# Trading a useless degree for another?



## mikan (Jul 27, 2006)

I'm a fairly recent college graduate, I obtained a bachelors in interdisciplinary studies (no snickering!) last year. Well, being removed from the carefree realm of liberal arts student to the deep dark abyss of the real world, I found myself to be sufficiently disillusioned and unemployed with a resume that most people laugh at. Thus (after several months of soul searching at the wise old age of 20), spurning me on to ask the dreaded (though seemingly simple and innocent) and utterly impossible question - what _do_ I want to do??? 

More soul searching and on advice from a friend, I came up with a list of things I have and do enjoy doing - outside of plotting world domination, I realized that most of my interests lay in creative fields. That was all well and good, but that still didn't narrow me down to a career. Being a professional clown could definitely count as creative, but somehow didn't appeal to me. Go figure.

Anyway, one day in the middle of preparing yet another (I have to say deliciously fabulous) meal for my gratitude-impaired family (being the sole unemployed member of the household, I automatically become the house slave) I realized that I actually enjoyed cooking. And it gave me more than mild enjoyment, it filled me with enthusiasm, excitement, and great pride in my work. And I realized that this was something I could do for the rest of my life, the question now was only where to begin.
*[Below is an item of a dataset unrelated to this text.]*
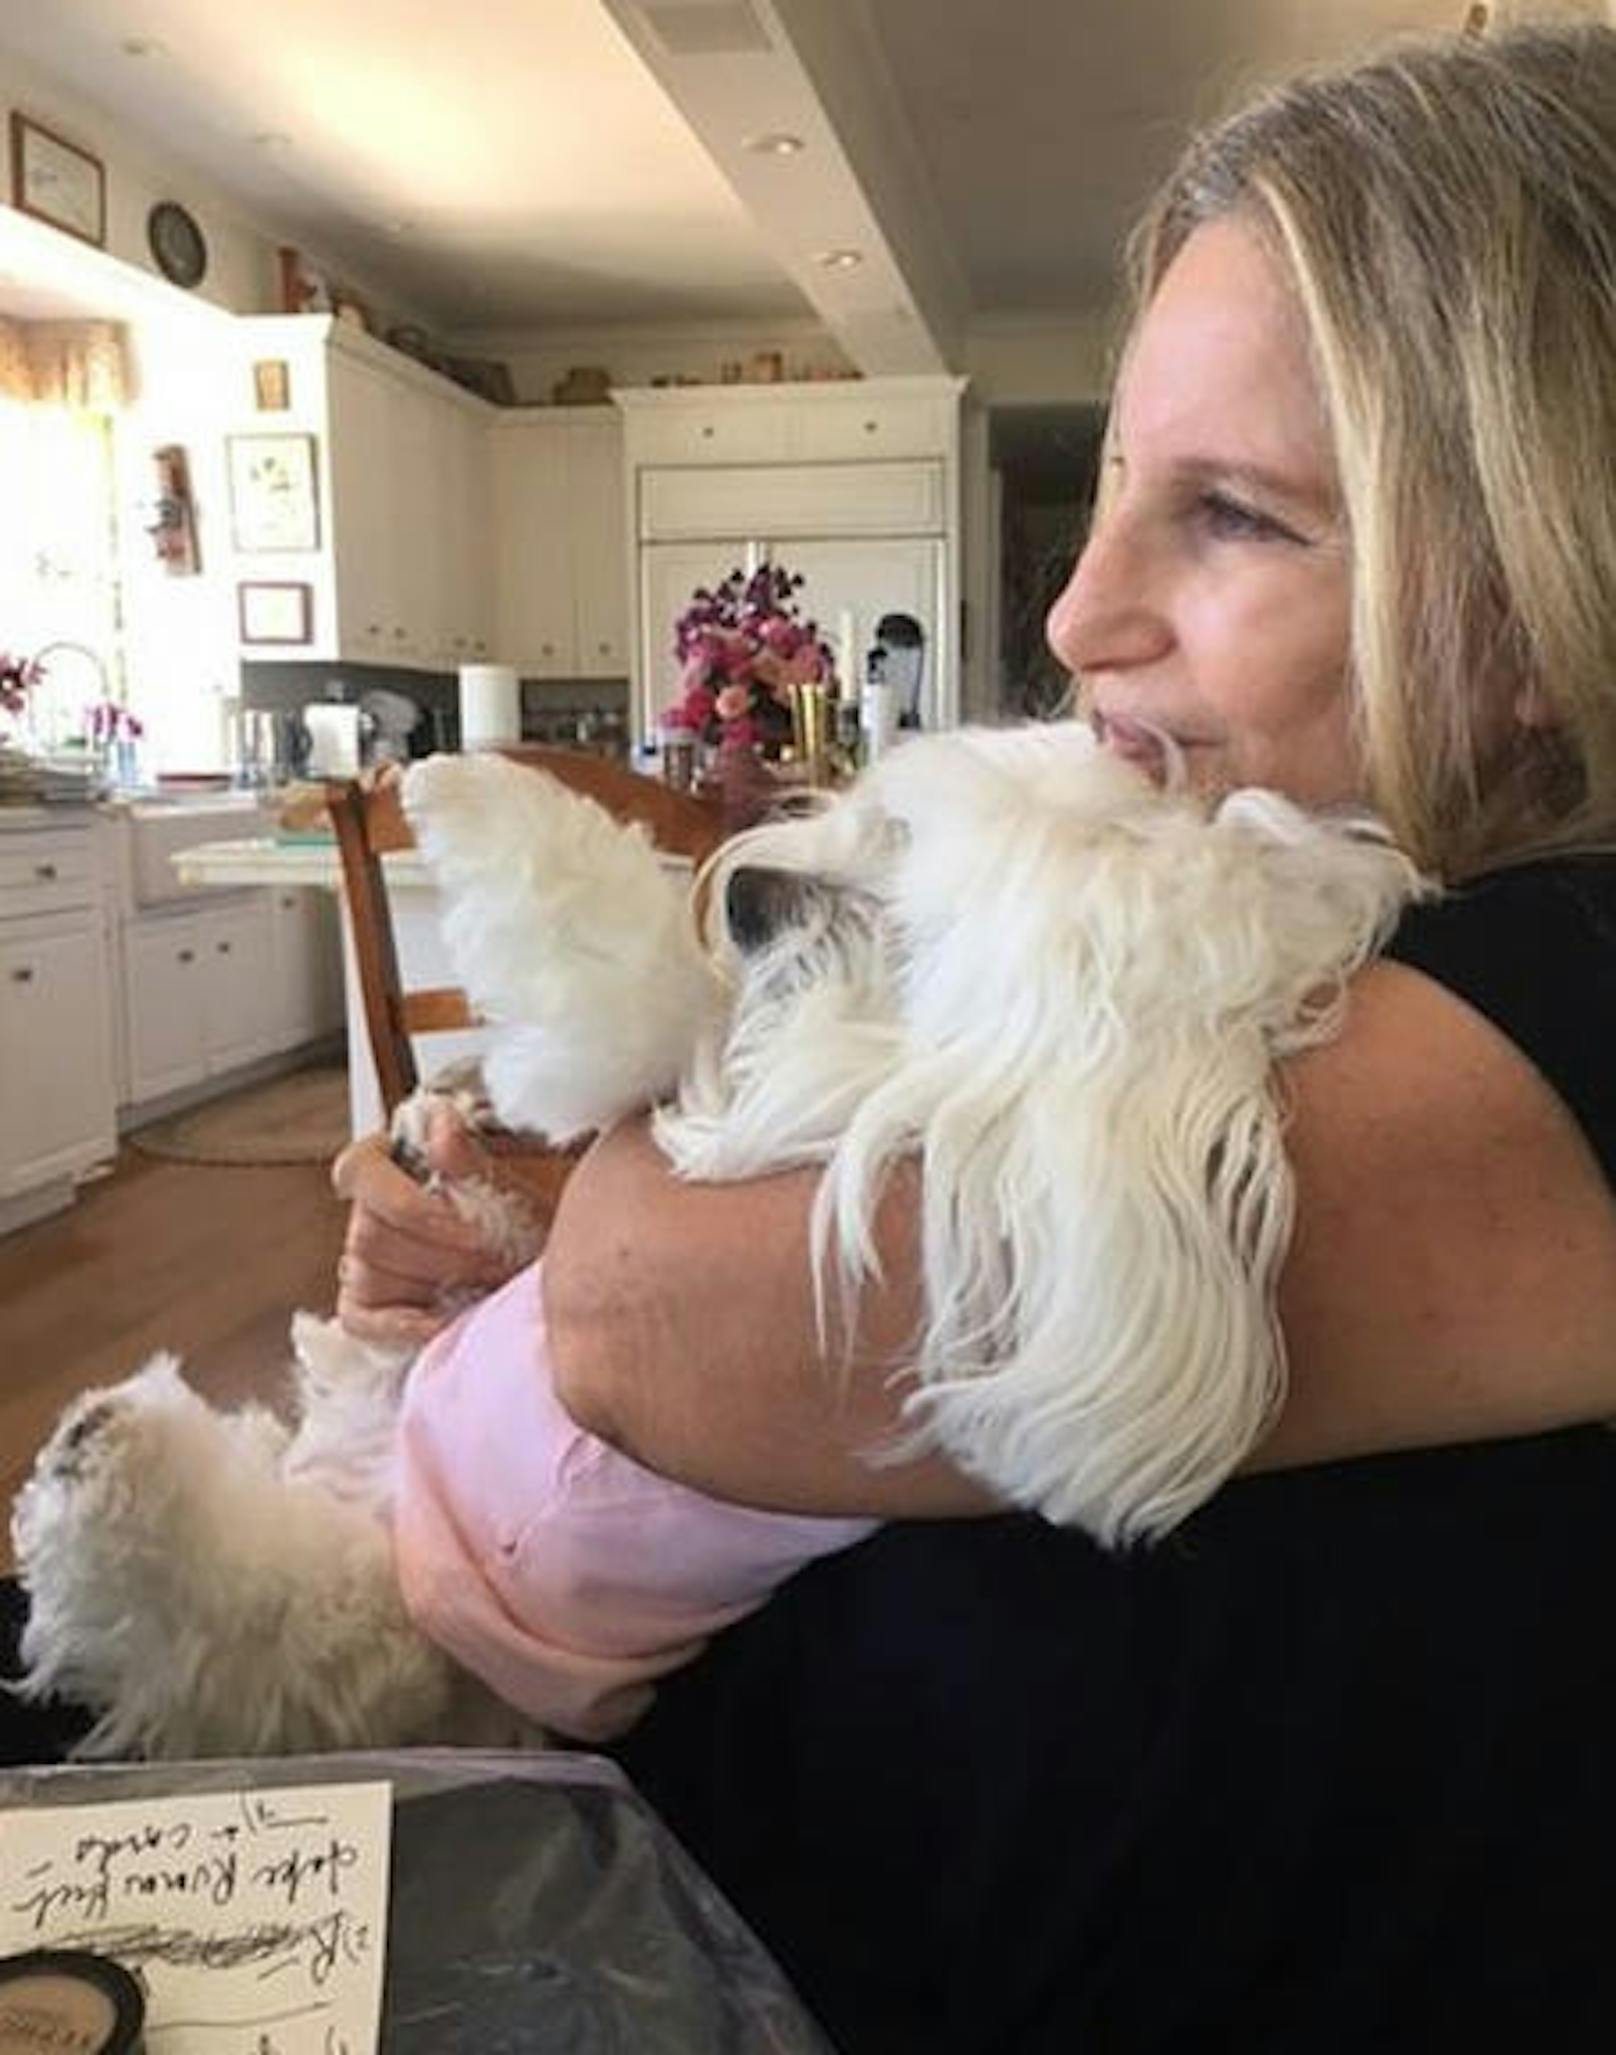 29.05.2017: Superstar Barbra Streisand trauert. Nach 14 Jahren ist am Wochenende ihr Hund Samantha, den sie liebevoll Sammie genannt hat, gestorben. Auf ihren Social-Media-Kanälen postete sie am Sonntag das letzte gemeinsame Bild mit ihr.

Now, after this sudden revelation, I immediately (after the pot scrubbing, of course) plugged myself into the nearest computer and began my search. I would definitely need to go back to school, I knew. And so I began with looking at some of the "top" culinary institutes in the country. I slowly became more disheartened as I noticed that the tuitions to these schools were far more than I'd ever bargained for. Putting myself into debt by 40,000-60,000 dollars wasn't something I ever wanted to do, unless of course it was involved in some overly melodramatic plot line that linked me with the mafia and a Spanish lover. However, I meander. Back to the point, I was losing hope and was desperately trying to find a solution before my dreams were totally crushed. And so, I started looking for cheaper degrees, all I found were associates offered at the community college level. Now, obviously an associates degree at a fairly nice public community college is waaaaaay cheaper than a bachelors degree at a posh private culinary institute. But like most cheap things, is it lower in quality? 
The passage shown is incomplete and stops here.